— Provided entries —
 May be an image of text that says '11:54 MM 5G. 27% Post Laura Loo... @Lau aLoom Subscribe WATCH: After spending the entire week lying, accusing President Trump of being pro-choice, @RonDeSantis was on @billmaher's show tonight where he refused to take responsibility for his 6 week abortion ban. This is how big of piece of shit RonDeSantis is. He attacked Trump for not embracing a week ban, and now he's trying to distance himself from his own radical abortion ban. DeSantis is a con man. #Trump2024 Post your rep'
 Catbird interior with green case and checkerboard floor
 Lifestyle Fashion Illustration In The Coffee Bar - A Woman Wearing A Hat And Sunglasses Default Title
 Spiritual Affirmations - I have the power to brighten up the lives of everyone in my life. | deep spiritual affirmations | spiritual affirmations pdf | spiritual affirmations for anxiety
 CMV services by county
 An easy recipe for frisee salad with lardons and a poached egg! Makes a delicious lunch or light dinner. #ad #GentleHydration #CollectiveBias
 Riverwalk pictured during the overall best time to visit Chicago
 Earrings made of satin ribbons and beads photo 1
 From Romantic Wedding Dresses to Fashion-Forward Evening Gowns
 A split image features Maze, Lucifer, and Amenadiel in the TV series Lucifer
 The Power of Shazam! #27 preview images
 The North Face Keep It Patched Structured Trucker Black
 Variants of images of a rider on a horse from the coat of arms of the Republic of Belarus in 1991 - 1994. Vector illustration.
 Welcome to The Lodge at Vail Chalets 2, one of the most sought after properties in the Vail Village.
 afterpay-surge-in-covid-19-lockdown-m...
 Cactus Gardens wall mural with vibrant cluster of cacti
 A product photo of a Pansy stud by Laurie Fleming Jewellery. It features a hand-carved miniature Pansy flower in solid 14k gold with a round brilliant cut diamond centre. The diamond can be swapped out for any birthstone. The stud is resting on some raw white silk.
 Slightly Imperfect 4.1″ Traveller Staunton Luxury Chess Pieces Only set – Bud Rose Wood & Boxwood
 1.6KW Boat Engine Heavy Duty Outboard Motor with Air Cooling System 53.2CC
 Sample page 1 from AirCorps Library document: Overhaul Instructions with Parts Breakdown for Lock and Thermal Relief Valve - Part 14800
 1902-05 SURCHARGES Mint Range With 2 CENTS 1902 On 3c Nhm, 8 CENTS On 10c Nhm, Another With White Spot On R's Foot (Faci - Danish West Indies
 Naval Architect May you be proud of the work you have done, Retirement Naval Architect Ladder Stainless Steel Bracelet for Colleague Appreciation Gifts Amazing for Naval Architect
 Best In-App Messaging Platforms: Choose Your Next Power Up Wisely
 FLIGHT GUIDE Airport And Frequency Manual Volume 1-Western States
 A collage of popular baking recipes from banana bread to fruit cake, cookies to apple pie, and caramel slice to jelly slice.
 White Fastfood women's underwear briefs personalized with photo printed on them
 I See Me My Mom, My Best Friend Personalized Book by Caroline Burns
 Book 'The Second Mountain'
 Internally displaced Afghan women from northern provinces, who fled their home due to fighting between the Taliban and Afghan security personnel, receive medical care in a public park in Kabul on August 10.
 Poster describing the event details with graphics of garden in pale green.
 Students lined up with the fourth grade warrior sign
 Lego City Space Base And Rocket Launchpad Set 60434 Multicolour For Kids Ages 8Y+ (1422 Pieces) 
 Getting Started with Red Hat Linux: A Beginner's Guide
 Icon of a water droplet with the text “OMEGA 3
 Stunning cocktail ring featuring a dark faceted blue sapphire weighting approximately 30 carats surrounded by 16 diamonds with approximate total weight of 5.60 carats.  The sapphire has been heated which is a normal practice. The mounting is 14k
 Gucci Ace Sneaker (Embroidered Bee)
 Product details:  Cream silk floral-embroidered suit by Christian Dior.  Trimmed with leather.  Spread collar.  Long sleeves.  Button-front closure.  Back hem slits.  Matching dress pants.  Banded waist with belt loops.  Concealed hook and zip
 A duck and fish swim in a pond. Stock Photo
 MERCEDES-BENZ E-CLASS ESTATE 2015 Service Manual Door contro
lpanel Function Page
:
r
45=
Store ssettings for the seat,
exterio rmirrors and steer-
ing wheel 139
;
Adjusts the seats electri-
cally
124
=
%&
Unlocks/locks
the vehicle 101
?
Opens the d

— Assigned task —
The task calls for every line of the material that contains the string "Fashion".

— Your solution —
 Lifestyle Fashion Illustration In The Coffee Bar - A Woman Wearing A Hat And Sunglasses Default Title
 From Romantic Wedding Dresses to Fashion-Forward Evening Gowns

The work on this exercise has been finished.